Рядом с ним в кресле сидит Элиса, сейчас она похожа на неприбранную, постаревшую, разочарованную Лорен Бэколл в сцене какого-нибудь кино о войне. Неуверенная, не зная хорошо своей роли, Элиса держит чашку обеими руками и пытается заставить Оливеро выпить отвара, в который входит липа, звездчатый анис, вербена, мята, в общем, весь этот винегрет, который Мамина всегда заваривает с небольшим количеством меда. Это одно из тех снадобий, которые старая негритянка готовит, когда на кого-нибудь из домашних нападает, как она говорит, «хворь» и он жалуется все равно на что — на простуду, головную боль или живот. Снадобье налито в чашку из фарфора «Ленокс», на которой по указанию доктора черными мелкими буквами когда-то было выгравировано: «Я король всего, что вижу».

Молчаливый и печальный, в гостиную заходит Немой Болтун. А может, и не заходит, возможно, он уже находился там, но никто этого не замечал. Этот парень в самом деле может болтать без умолку, а может не произносить ни слова, может быть видимым и невидимым.

Он робко ходит кругами вокруг тети и дяди. И наконец, набравшись смелости, останавливается прямо перед ними.

Кажется, часы бьют пять. Это, конечно, невозможно. Часы больше не бьют. Ни пять, ни шесть, ни десять. Старинных часов, выбранных Хосе Марти, больше не существует. Так что сейчас может быть семь, или восемь, или сколько угодно часов вечера, но никакой бой часов — точный или ошибочный — не прозвучит на весь дом.

Все указывает на то, что там, снаружи, ливень усилился.

— Я хотел спросить у вас, — говорит Болтун.

Он не заканчивает вопрос. Оставляет его в воздухе, как будто вопрос настолько очевиден, что не стоит тратить слов.

Он садится на диван, в ногах у дяди. Во время затянувшейся паузы происходит много вещей, например Мария де Мегара, собака Мамины, подходит, волоча свои груди и свои годы, и садится рядом, глядя замутненными, белесыми глазами.

Несмотря на сильный шум дождя, слышно, как наверху хлопают крыльями вьюрки. Это тоже невозможно, потому что вьюрков больше нет.

— Я хотел узнать, давно хочу вас спросить… — снова говорит Болтун.

И снова замолкает, словно в ожидании ответа. Ему кажется, что тетя изучающе и заинтригованно смотрит на него. Элиса действительно смотрит на юношу, но в ее глазах не любопытство. В действительности она смотрит на него так, как если бы видела впервые. «Господи, — думает Элиса, — как он похож на Амалию, когда ей было пятнадцать лет; если одеть его в платье, в котором была моя сестра, когда ей исполнялось пятнадцать, то это будет не Болтун, а Амалия». Потом Элиса смотрит на Оливеро и трогает его лоб. Она делает это не столько для того, чтобы проверить, нет ли температуры, сколько чтобы поделиться с Оливеро своим наблюдением, сказать ему: «Посмотри на него, это же Амалия».

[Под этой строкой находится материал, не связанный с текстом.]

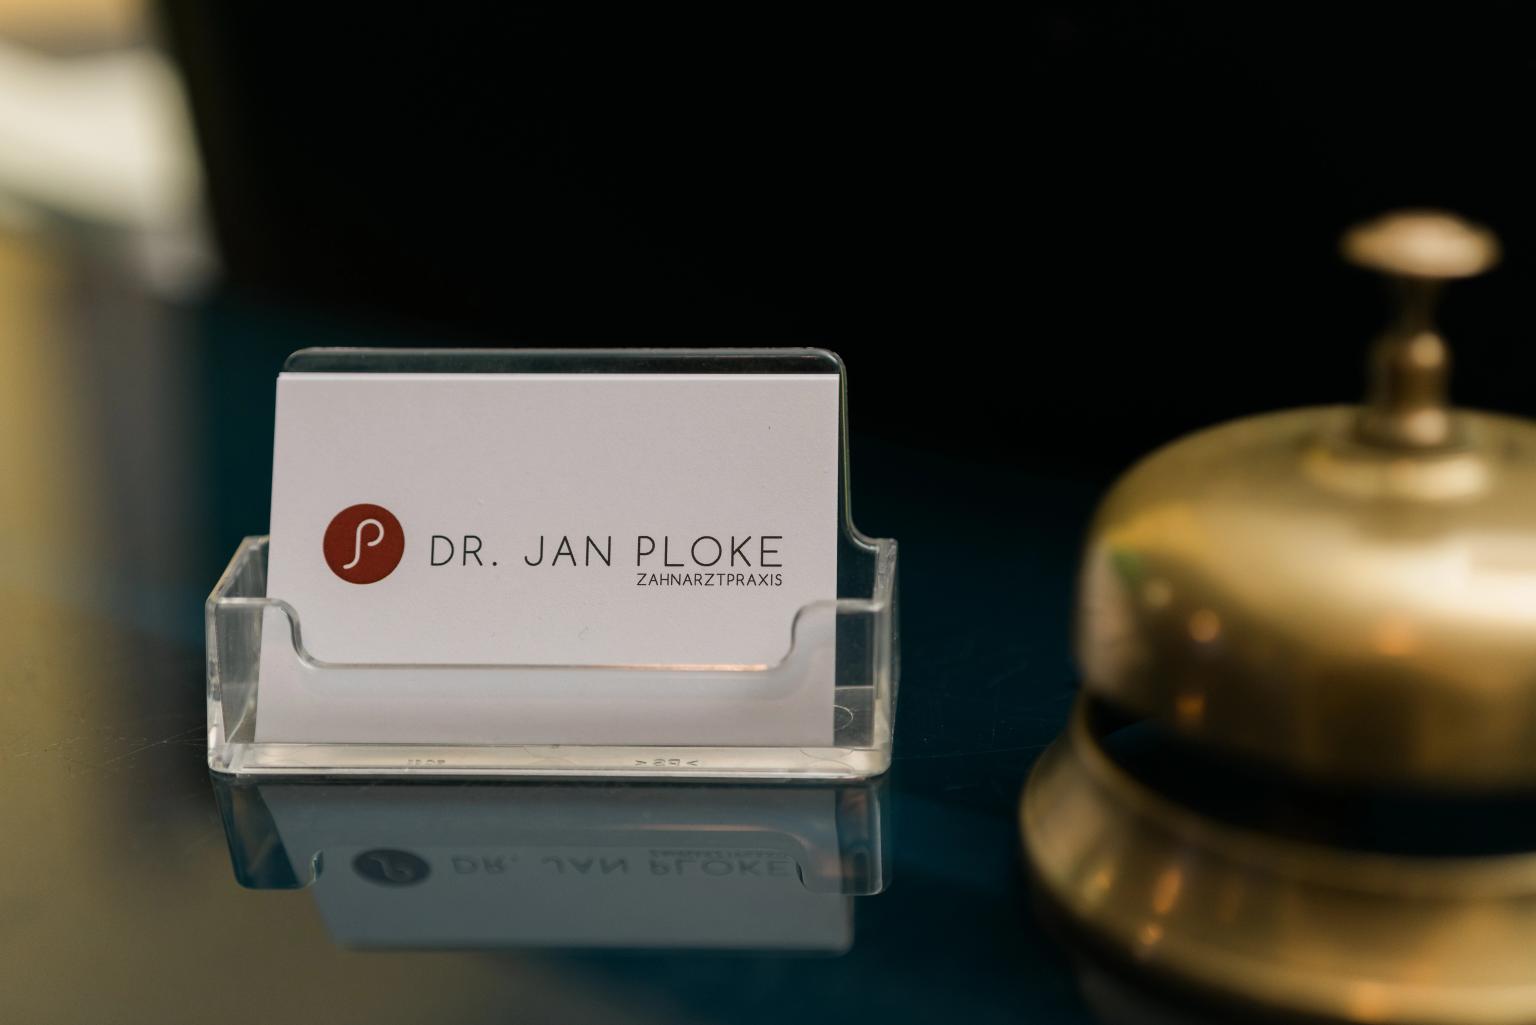 Zahnarztpraxis Dr. Jan Ploke: Visitenkarte mit Logo und Kontaktdaten

Дядя открывает глаза, улыбается. Или делает попытку улыбнуться. Можно сказать, что это приветливая, страдальческая и натянутая улыбка.

— В чем дело, племяш? — В этот момент голос дяди доносится как будто издалека, словно он не теперь говорит, словно это слова из прошлого, слова, которые в какой-то давний вечер он хотел сказать, да не сказал, а теперь, когда ему не хватает сил или мыслей, говорит. — Что ты хочешь спросить?

Тетя Элиса тоже улыбается.

— Амалия, — говорит она так тихо, что только она и знает, что сказала это.

Болтун в замешательстве опускает глаза.

— Ничего, — идет он на попятную, — так, ерунда.

Он поднимает руки и указывает в какую-то неопределенную точку. Убедившись, что тетя на него не смотрит, а дядя снова закрыл глаза, так и остается сидеть, видимый-невидимый, сконфуженный, с компасом в руке.

 

СМЕРТЬ БИНГА КРОСБИ

Поскольку пришло время заканчивать эту историю, мы вынуждены констатировать, что, хотя в мире происходили более или менее значительные вещи, на Кубе лишь ожидали прихода циклона.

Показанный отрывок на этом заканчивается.